RECORDS FOR THE EXERCISE
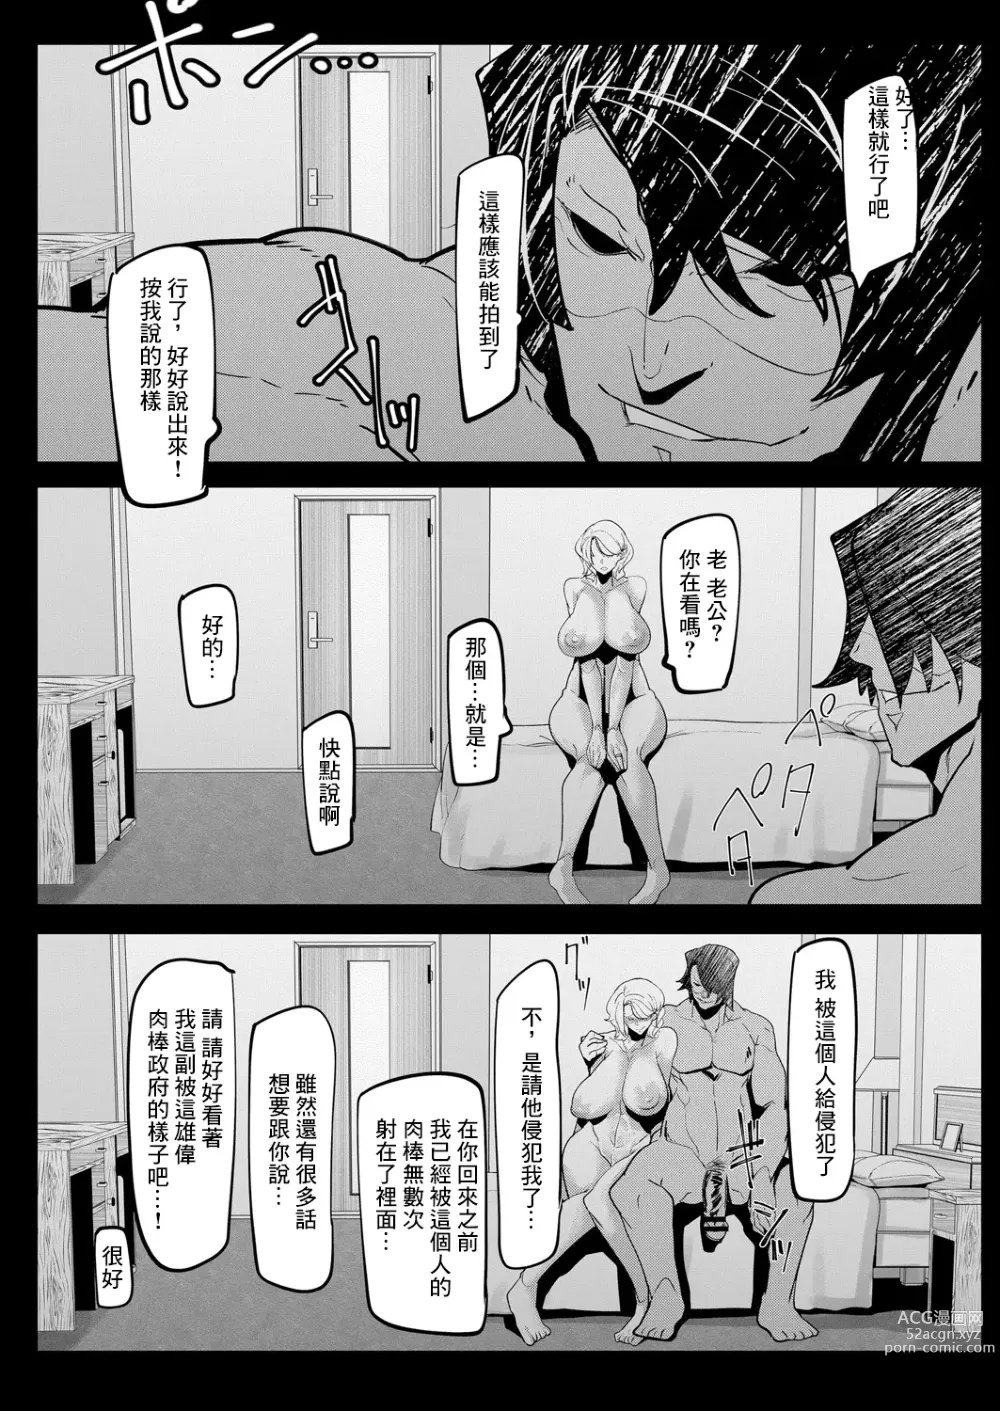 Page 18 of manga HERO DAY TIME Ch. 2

==

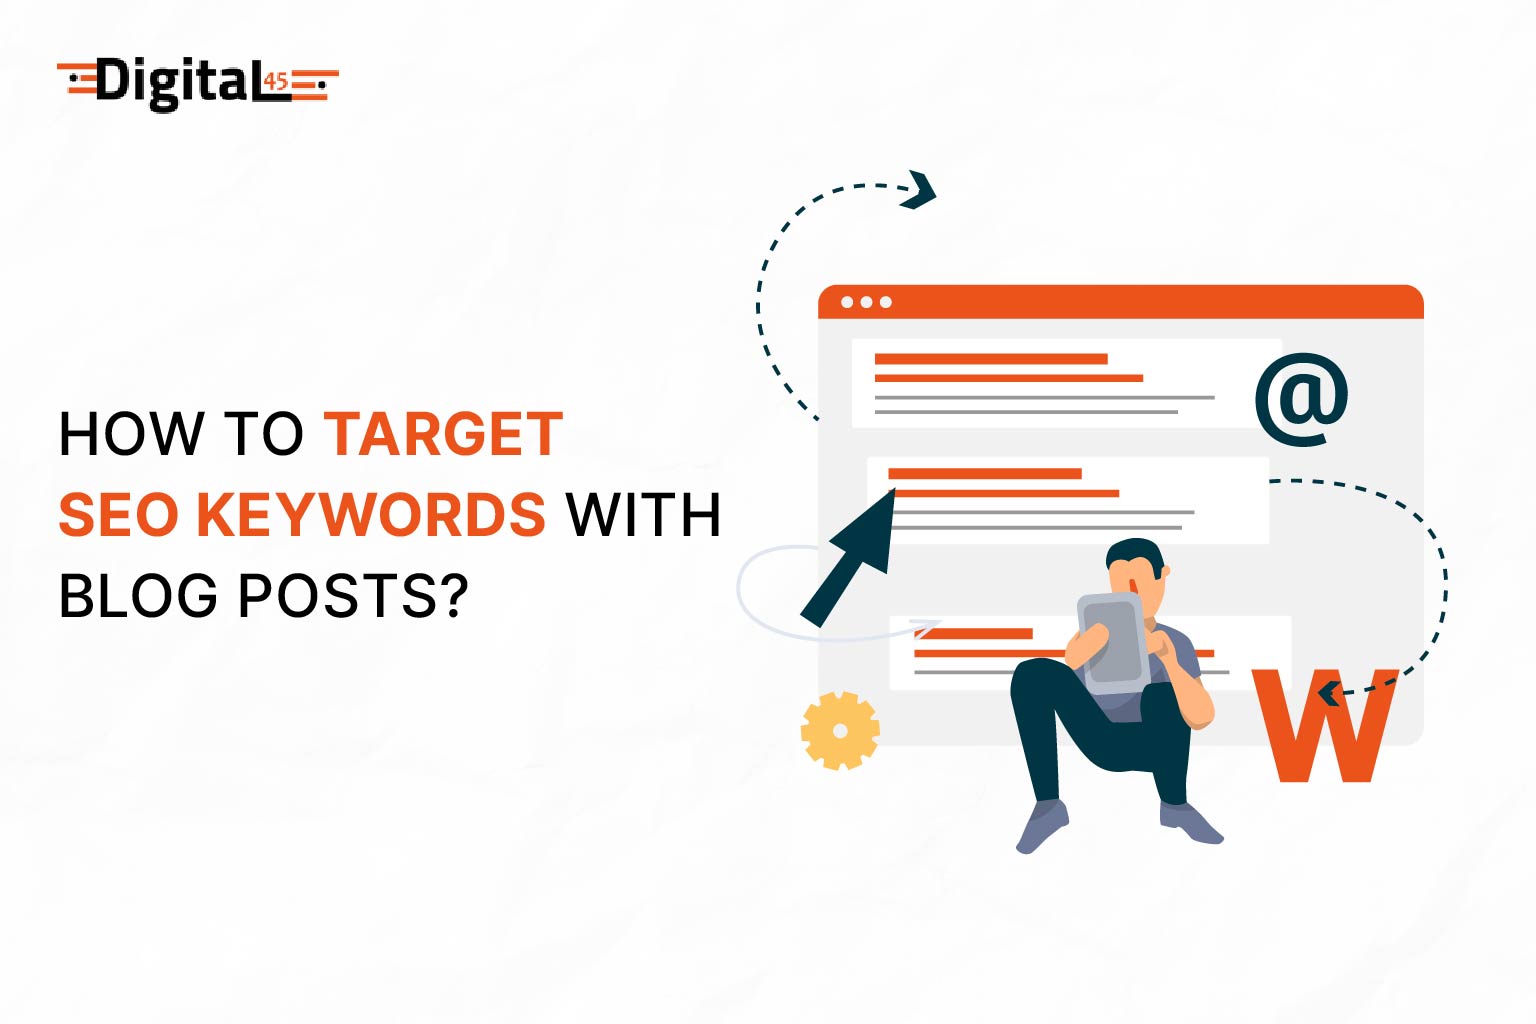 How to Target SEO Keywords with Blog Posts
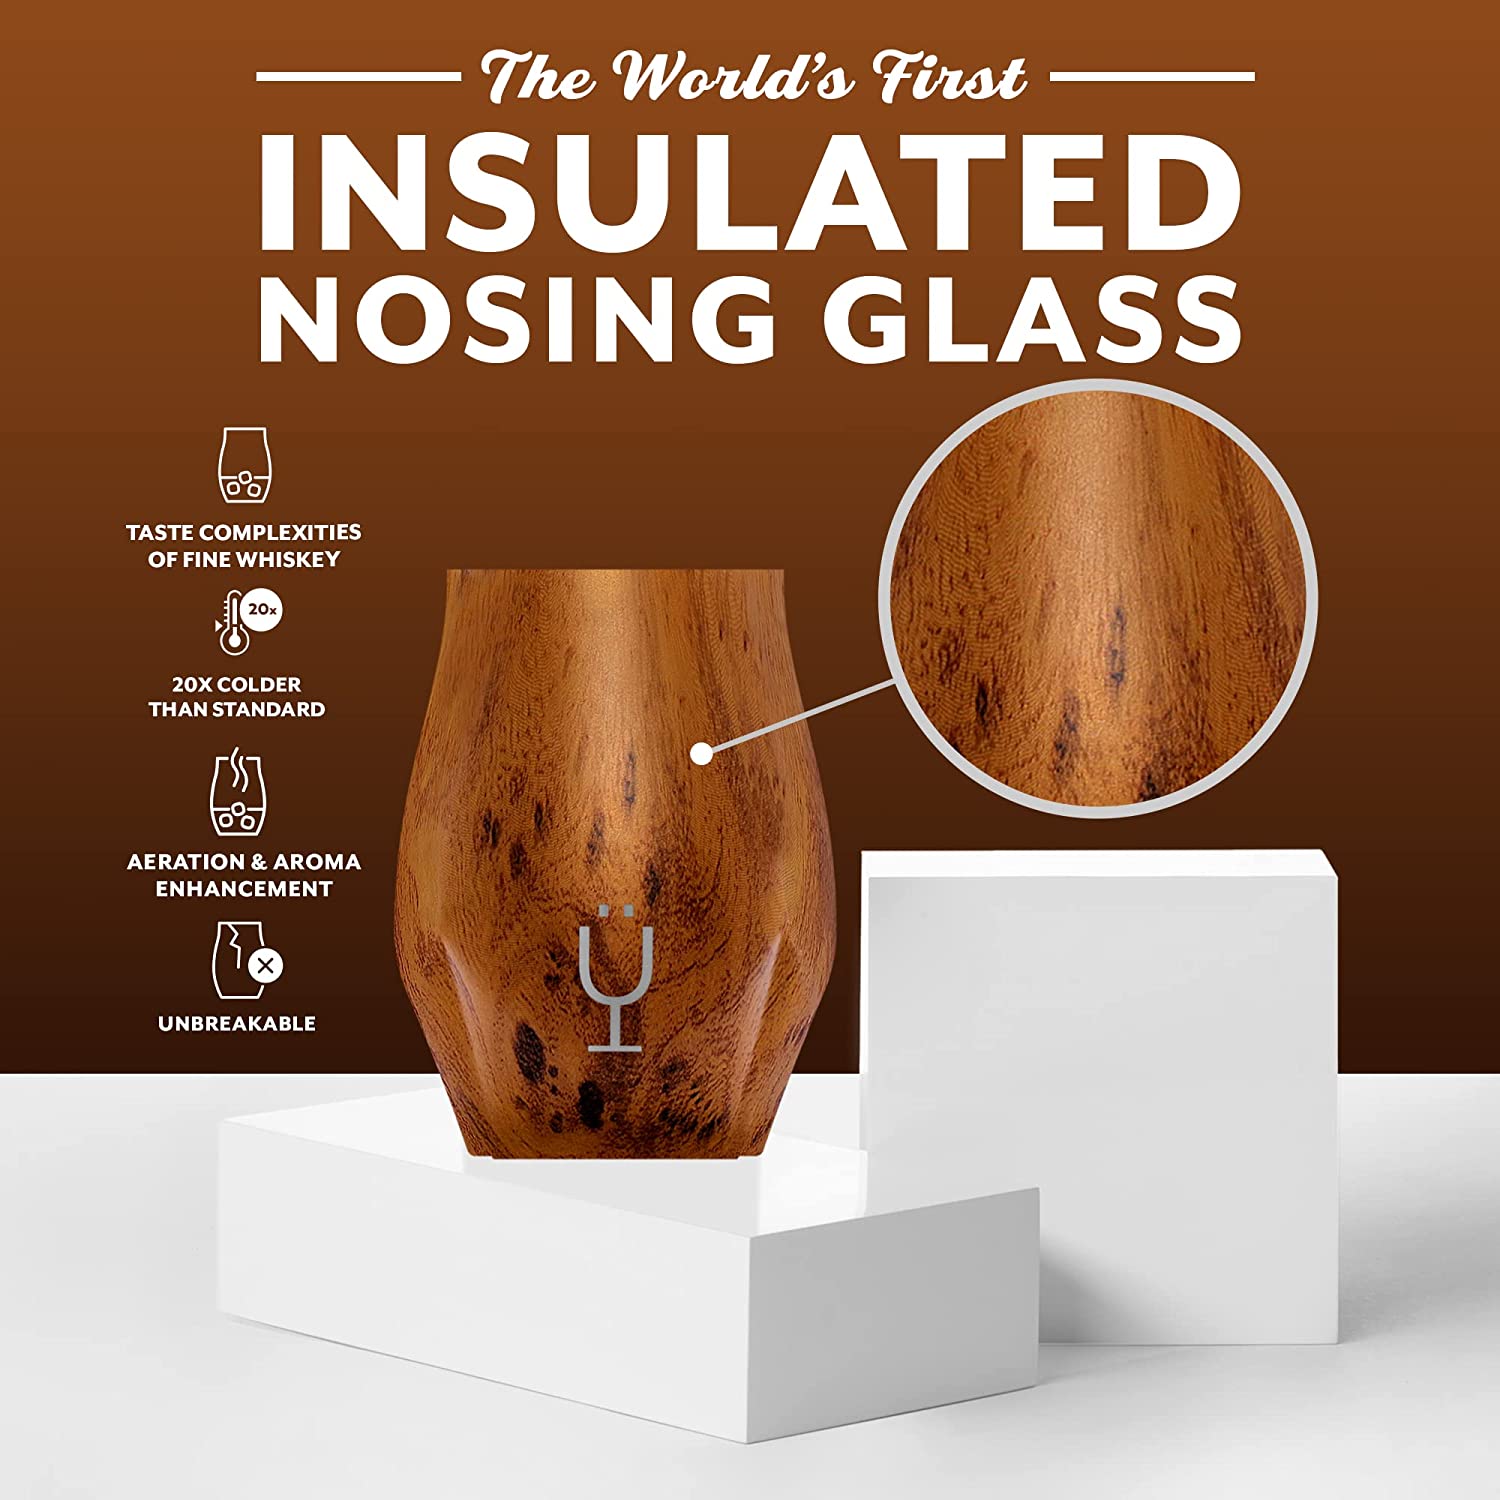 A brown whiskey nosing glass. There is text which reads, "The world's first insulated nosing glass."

---

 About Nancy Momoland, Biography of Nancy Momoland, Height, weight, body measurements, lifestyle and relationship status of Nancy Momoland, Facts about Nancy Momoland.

WHAT YOU HAVE TO DO
Quote the data above exactly from the line with "How to Target SEO Keywords with Blog Posts" to the line with "A brown whiskey", both ends counted, and nothing else. Pictures don't go in.

SOLUTION
 How to Target SEO Keywords with Blog Posts
 A brown whiskey nosing glass. There is text which reads, "The world's first insulated nosing glass."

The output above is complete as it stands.